Мне представляется, что при всей обоснованности такие трактовки все же дают неполную (в красках политической истории искусства) картину восприятия искусства США. Советский антимодернизм можно рассмотреть как нечто большее, чем агрессивная риторика советских искусствоведов, у которых в голове так прочно засели марксистские идеи, что они воспринимали искусство исключительно сквозь призму пропагандистских штампов. Моя гипотеза состоит в том, что советский антимодернизм был определенным этапом в истории безобра́зного. В работе «История уродства» Умберто Эко демонстрирует, что история искусства складывается за счет постоянно меняющихся отношений между двумя важнейшими эстетическими категориями – прекрасным и безобра́зным[79]. Эко отмечает, что истоки эстетики безобра́зного можно усмотреть в знаменитой книге Карла Розенкранца, вышедшей в 1853 году и впервые представившей безобра́зное и его генеалогию как «нечто куда более богатое и сложное, чем ряд простых отрицаний различных форм красоты»[80]. И все же, как пишет Эко, «чаще всего безобразное определяли в противопоставлении прекрасному, но о нем практически никогда не рассуждали подробно, о нем упоминали вскользь, в скобках»[81]. История советской критики модернизма ставит важные вопросы к этому тезису Эко. Советские искусствоведы не «упоминали вскользь», а вели пространные споры о том, насколько сильно и в чем именно модернизм противоположен прекрасному. Потому советский дискурс о безобра́зном нельзя назвать размышлениями «в скобках». (Скорее этот дискурс сам оказался вынесен западным искусствознанием за скобки из-за радикализма своей риторики.) Однако, несмотря на свойственную ему политизацию, советский канон американского модернистского искусства можно понимать как самобытный вариант истории модернизма и, конечно, как крайне информативную проекцию специфической культуры, породившей его.

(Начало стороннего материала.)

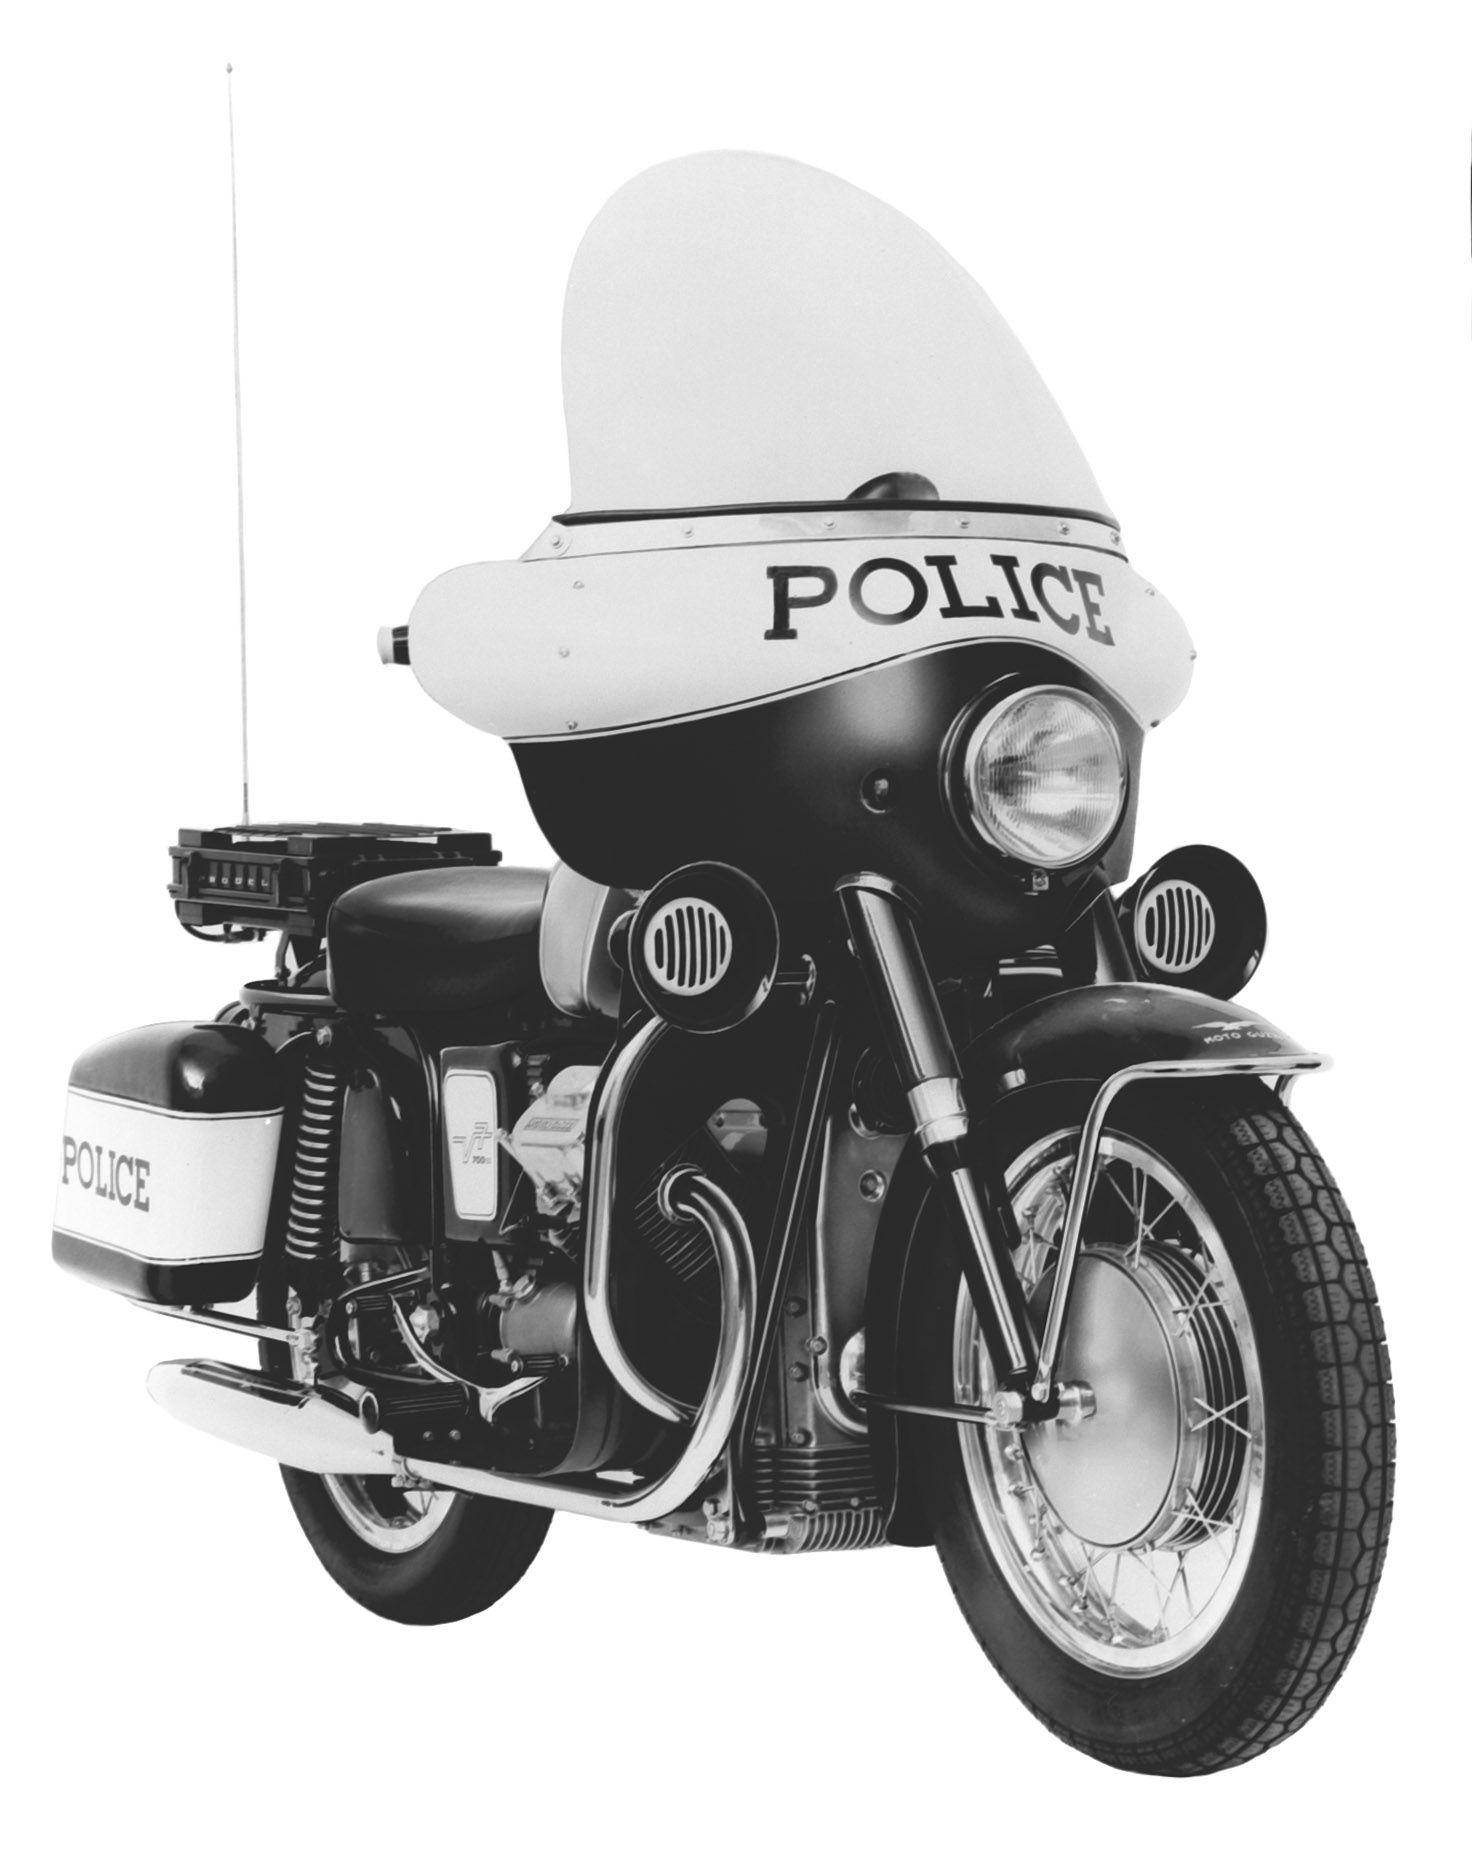 Moto Guzzi V7 Police 1968 - 1969 #moto #guzzi #motoguzzi #california #V7#police #history #motorbike #motorcycle

Рассмотрим подробнее этот советский извод истории уродства и – если еще раз вспомнить саркастическое замечание Гринберга в адрес Кеменова – рискнем углубиться в те самые «подвалы сознания, куда, вероятно, побоялся бы заглядывать неандерталец»[82]. Заметим, что, хотя советские критики и отдавали неизбежную дань идеологической повестке, вопросы истории искусства как дисциплины и попытки ответить на них составляли основное содержание и важнейший посыл их статей. Например, в дискуссиях о деградации модернизма или американских чертах Сальвадора Дали советские авторы не только критиковали капитализм и прославляли социализм. Взять хотя бы понимание Кеменовым собственной роли как ученого, заключавшейся в том, чтобы бороться с западными «буржуазными искусствоведами», объединенными «общей ненавистью к реализму», которые «стали на путь прямой фальсификации истории искусства и, прикрываясь объективизмом, изображают ее как историю развития антиреализма, прибегая к многочисленным передержкам и подтасовкам»[83].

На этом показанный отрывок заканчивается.